> [WHAT YOU WILL DO]
Reproduce the listing exactly. Omit pictures.

> [DATASET EXCERPT]
[Start of section]
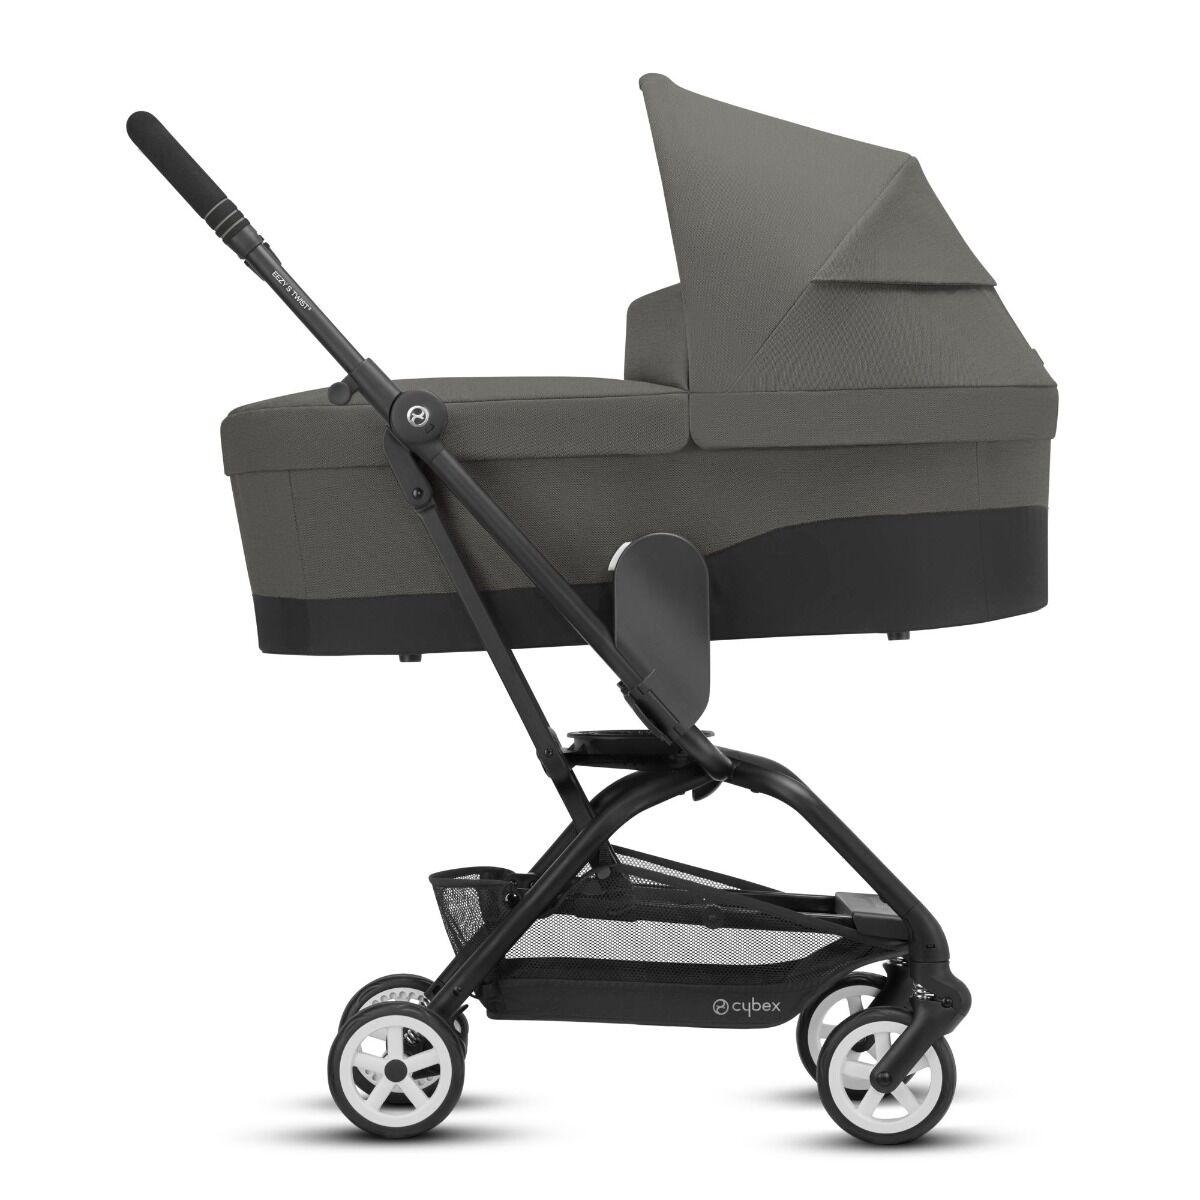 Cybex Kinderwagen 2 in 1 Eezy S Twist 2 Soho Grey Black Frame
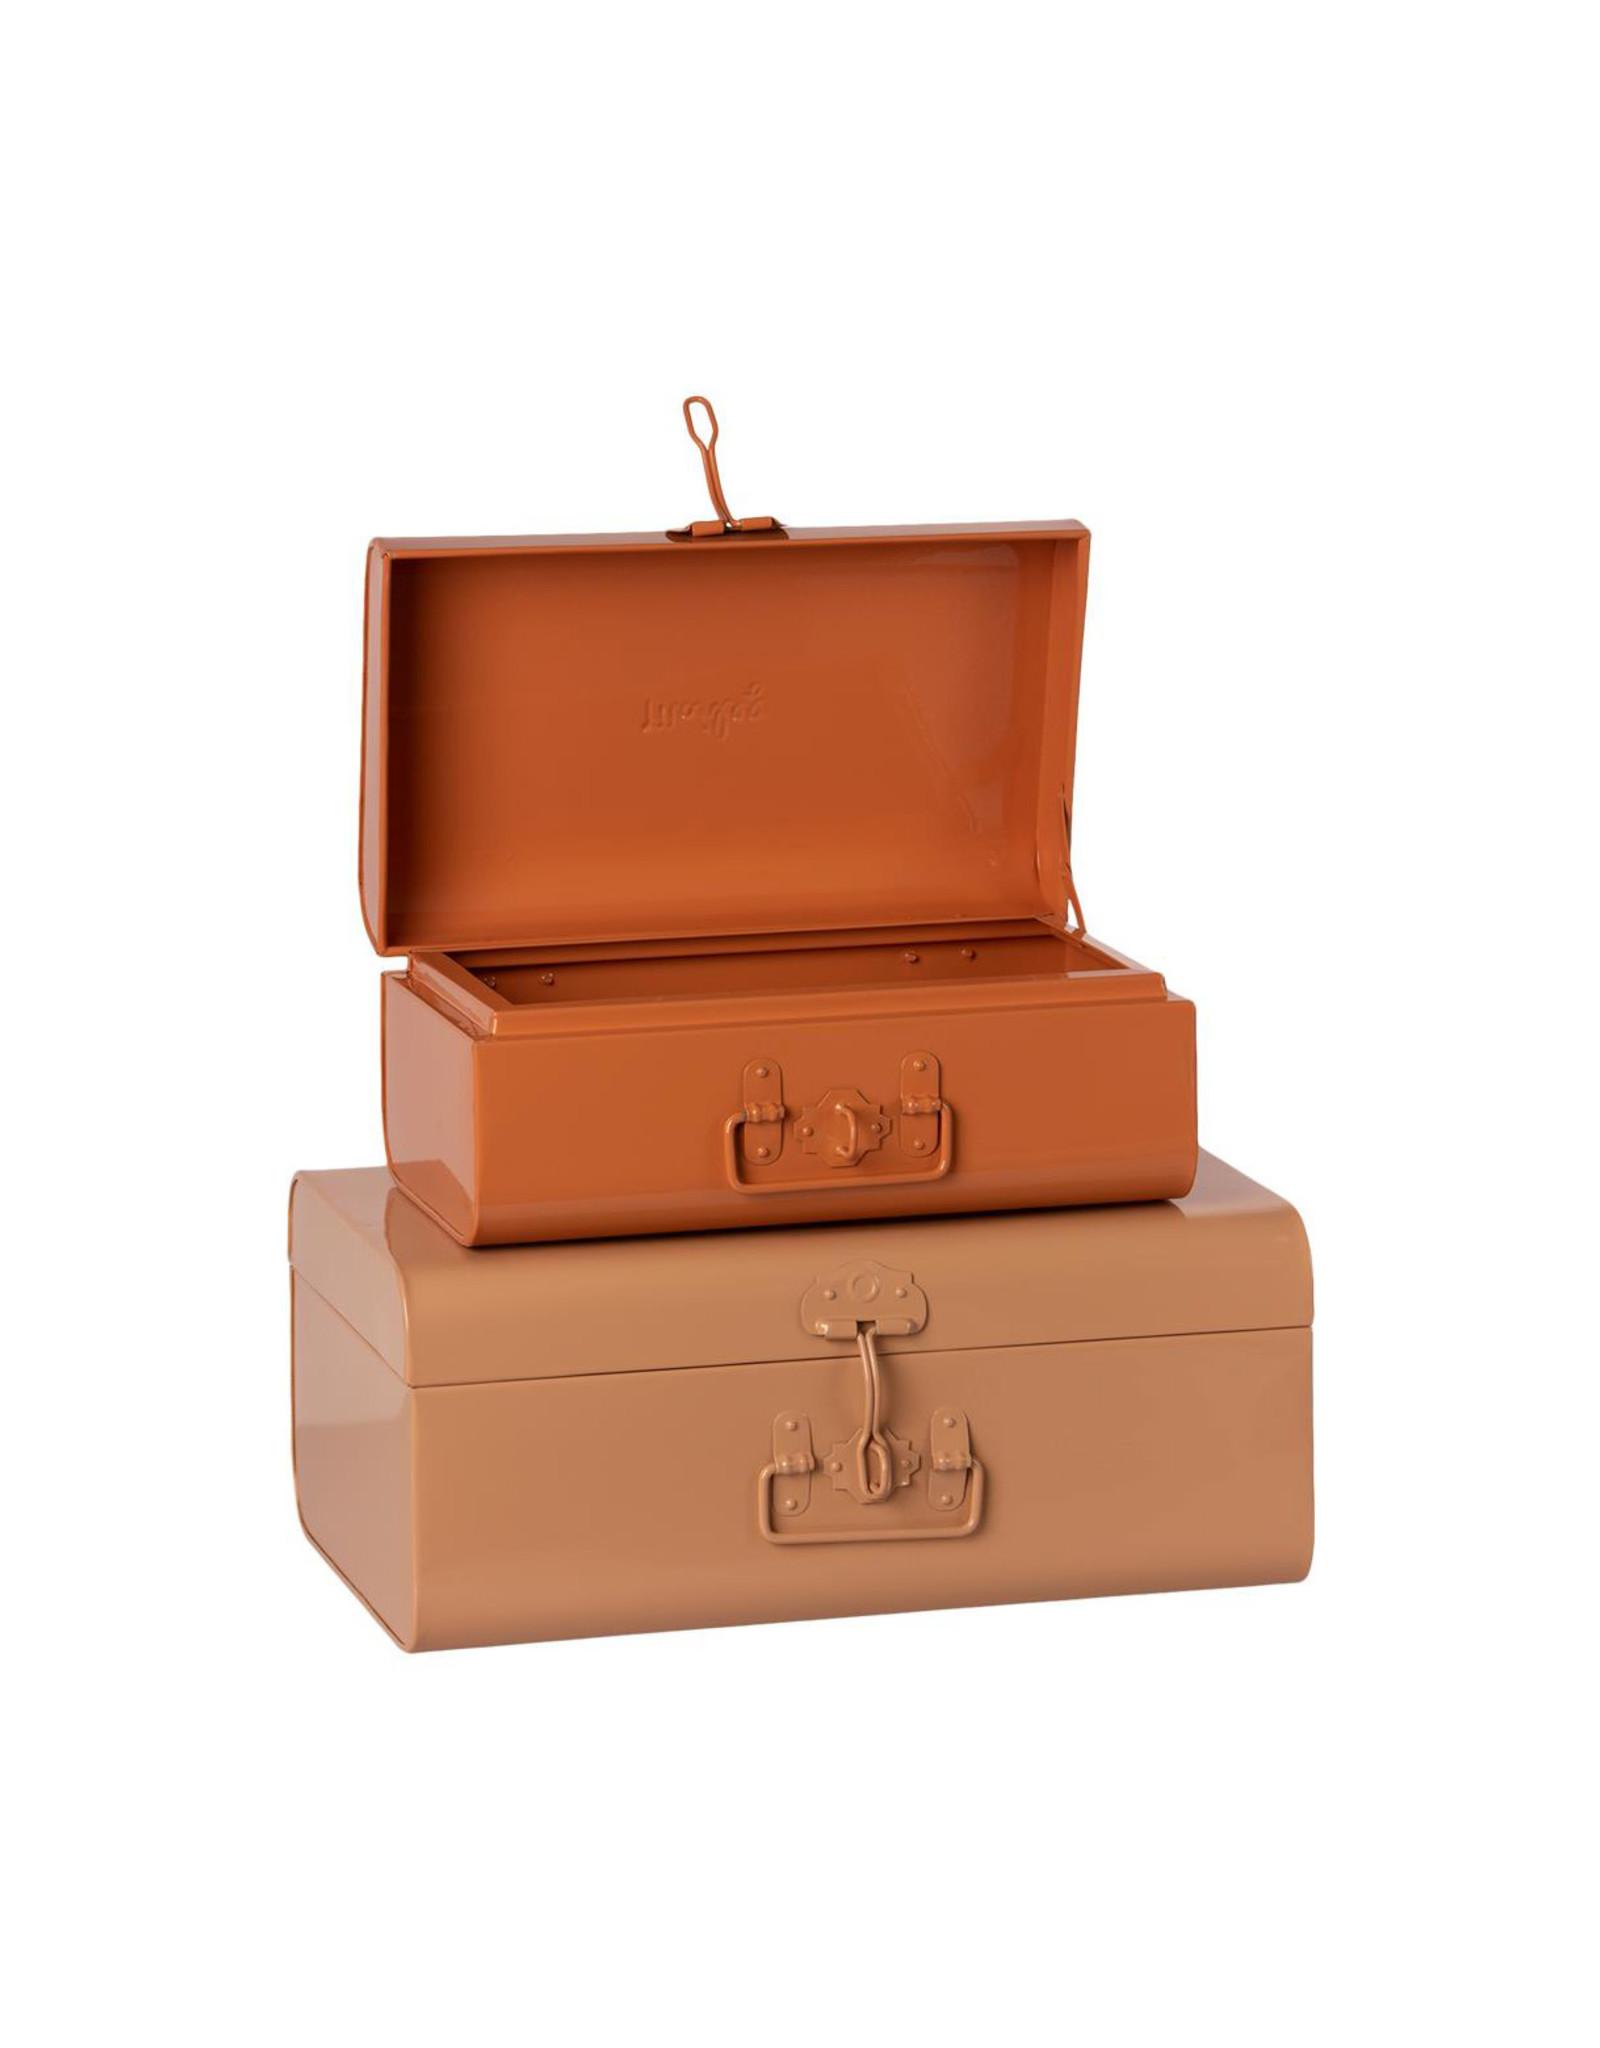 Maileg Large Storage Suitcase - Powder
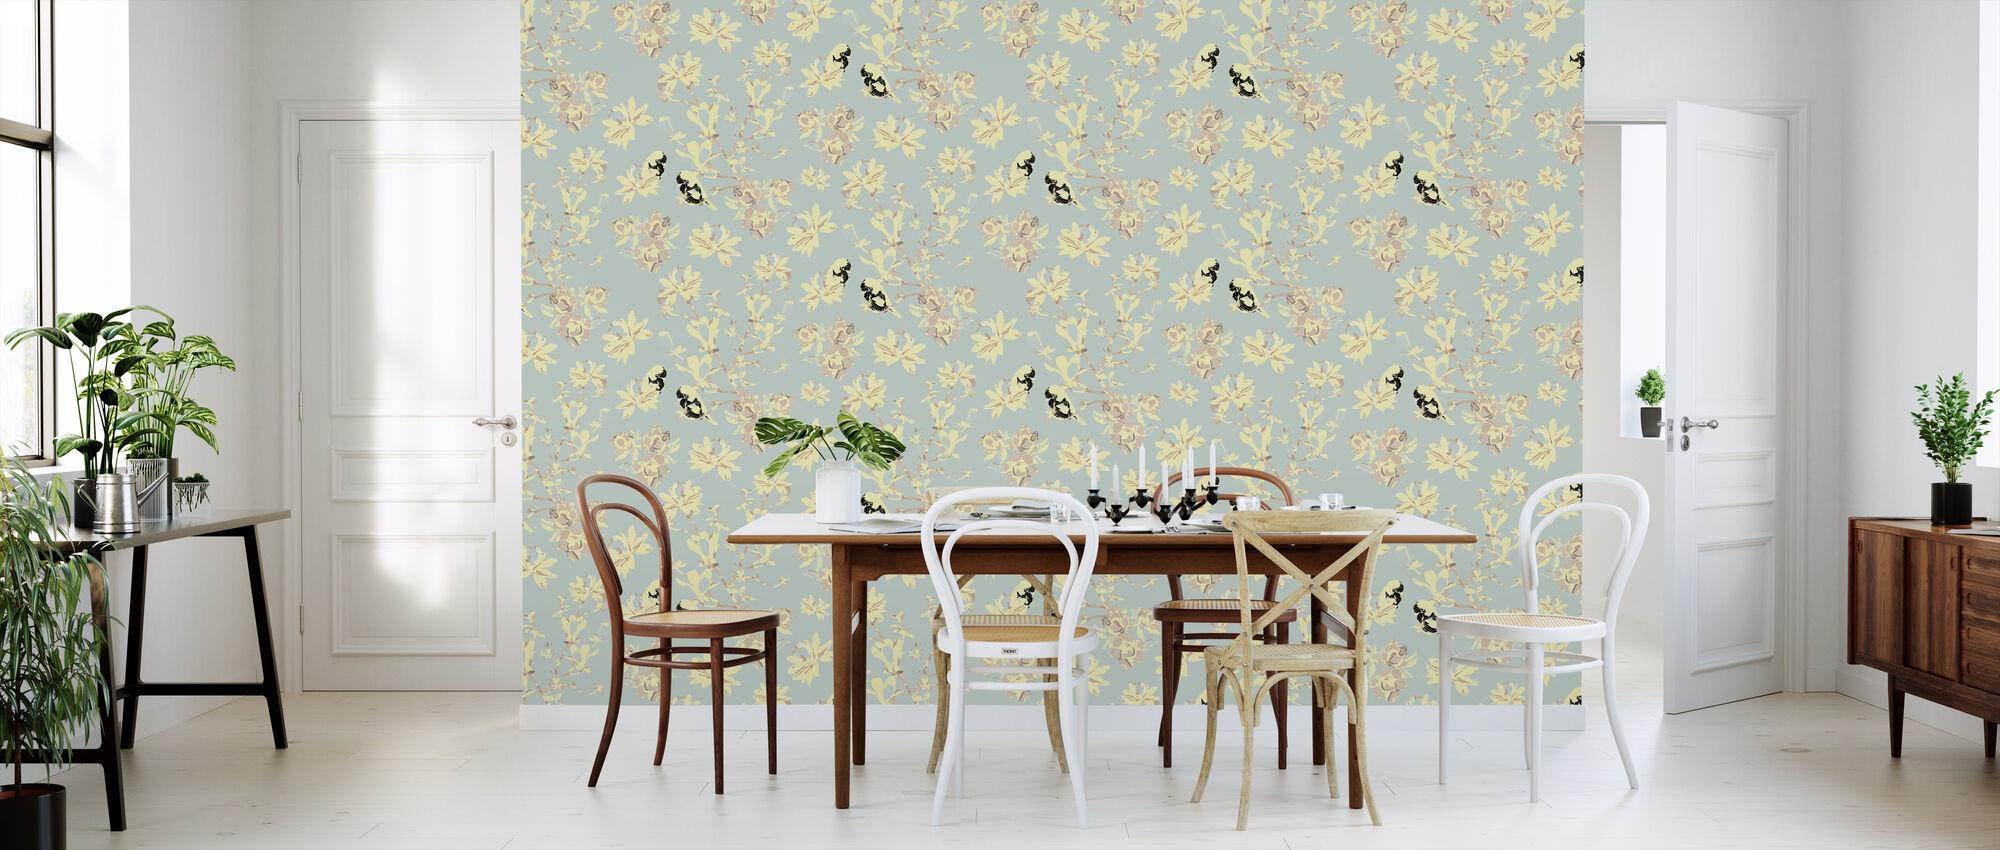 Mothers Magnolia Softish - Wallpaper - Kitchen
[End of section]
> [RESULT OF THIS EXERCISE]
 Cybex Kinderwagen 2 in 1 Eezy S Twist 2 Soho Grey Black Frame
 Maileg Large Storage Suitcase - Powder
 Mothers Magnolia Softish - Wallpaper - Kitchen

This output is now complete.